Medieval knights hid and secretly venerated The Holy Shroud of Turin for more than 100 years after the Crusades, the Vatican said yesterday in an announcement that appeared to solve the mystery of the relic’s missing years.
The Knights Templar, an order which was suppressed and disbanded for alleged heresy, took care of the linen cloth, which bears the image of a man with a beard, long hair and the wounds of crucifixion, according to Vatican researchers.
The Shroud, which is kept in the royal chapel of Turin Cathedral, has long been revered as the shroud in which Jesus was buried, although the image only appeared clearly in 1898 when a photographer developed a negative.
Barbara Frale, a researcher in the Vatican Secret Archives, said the Shroud had disappeared in the sack of Constantinople in 1204 during the Fourth Crusade, and did not surface again until the middle of the fourteenth century. Writing in L'Osservatore Romano, the Vatican newspaper, Dr Frale said its fate in those years had always puzzled historians.
However her study of the trial of the Knights Templar had brought to light a document in which Arnaut Sabbatier, a young Frenchman who entered the order in 1287, testified that as part of his initiation he was taken to “a secret place to which only the brothers of the Temple had access”. There he was shown “a long linen cloth on which was impressed the figure of a man” and instructed to venerate the image by kissing its feet three times.
Dr Frale said that among other alleged offences such as sodomy, the Knights Templar had been accused of worshipping idols, in particular a “bearded figure”. In reality however the object they had secretly venerated was the Shroud.
They had rescued it to ensure that it did not fall into the hands of heretical groups such as the Cathars, who claimed that Christ did not have a true human body, only the appearance of a man, and could therefore not have died on the Cross and been resurrected. She said her discovery vindicated a theory first put forward by the British historian Ian Wilson in 1978.

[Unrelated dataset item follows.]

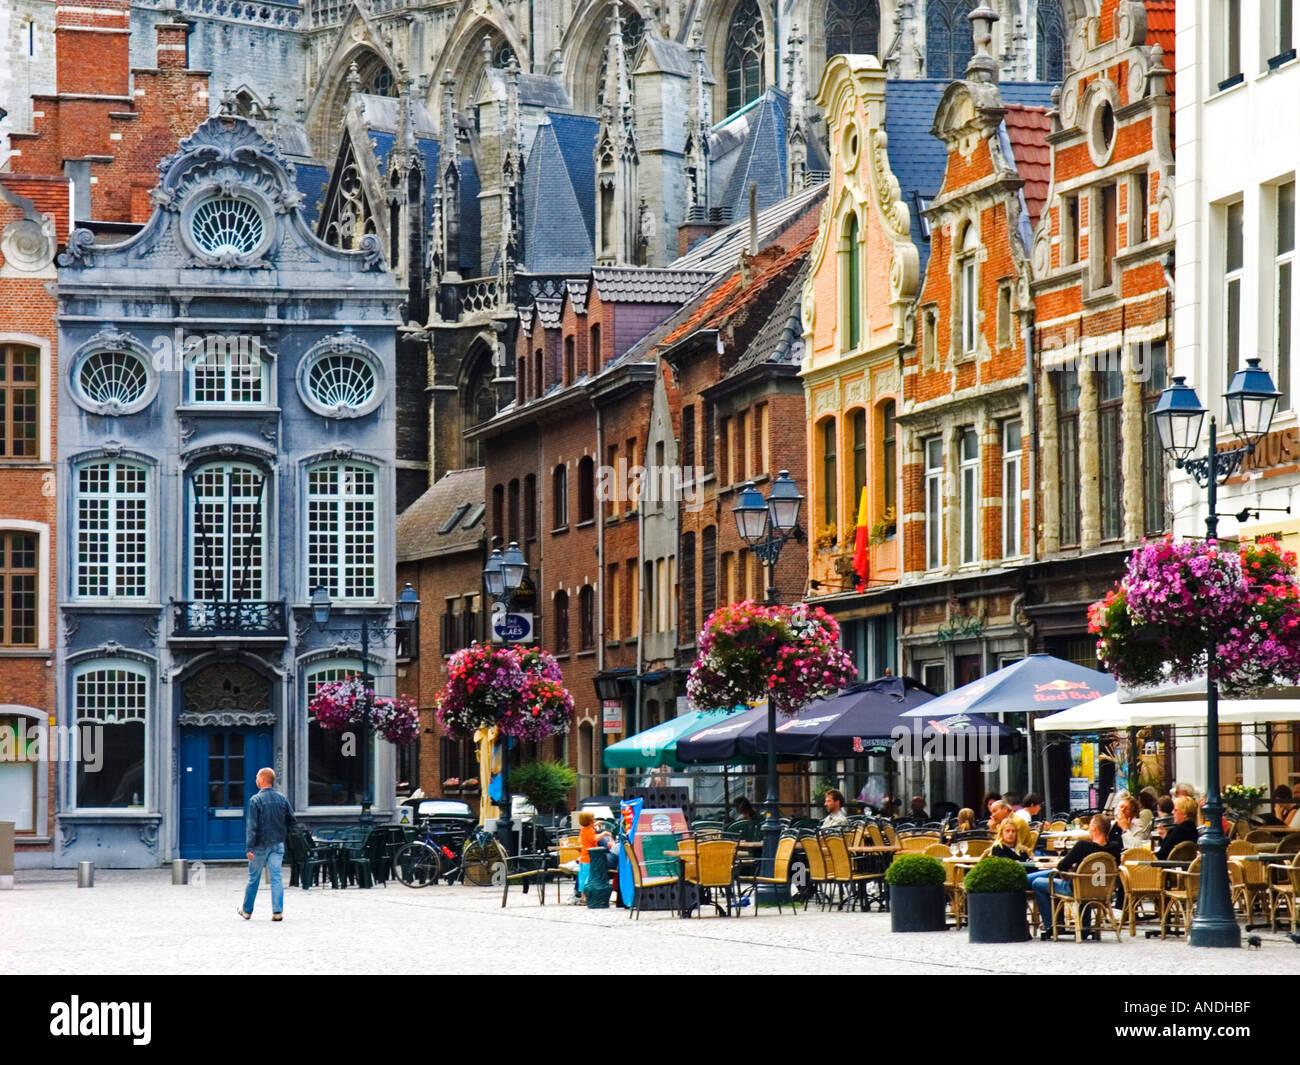 Grote Markt Antwerp Belgium

The Knights Templar were founded at the time of the First Crusade in the eleventh century to protect Christians making the pilgrimage to Jerusalem. The Order was endorsed by the Pope, but when Acre fell in 1291 and the Crusaders lost their hold on the Holy Land their support faded, amid growing envy of their fortune in property and banking.
Rumours about the order’s corrupt and arcane secret ceremonies claimed that novices had to deny Christ three times, spit on the cross, strip naked and kiss their superior on the buttocks, navel, and lips and submit to sodomy. King Philip IV of France, who coveted the order’s wealth and owed it money, arrested its leaders and put pressure on Pope Clement V to dissolve it.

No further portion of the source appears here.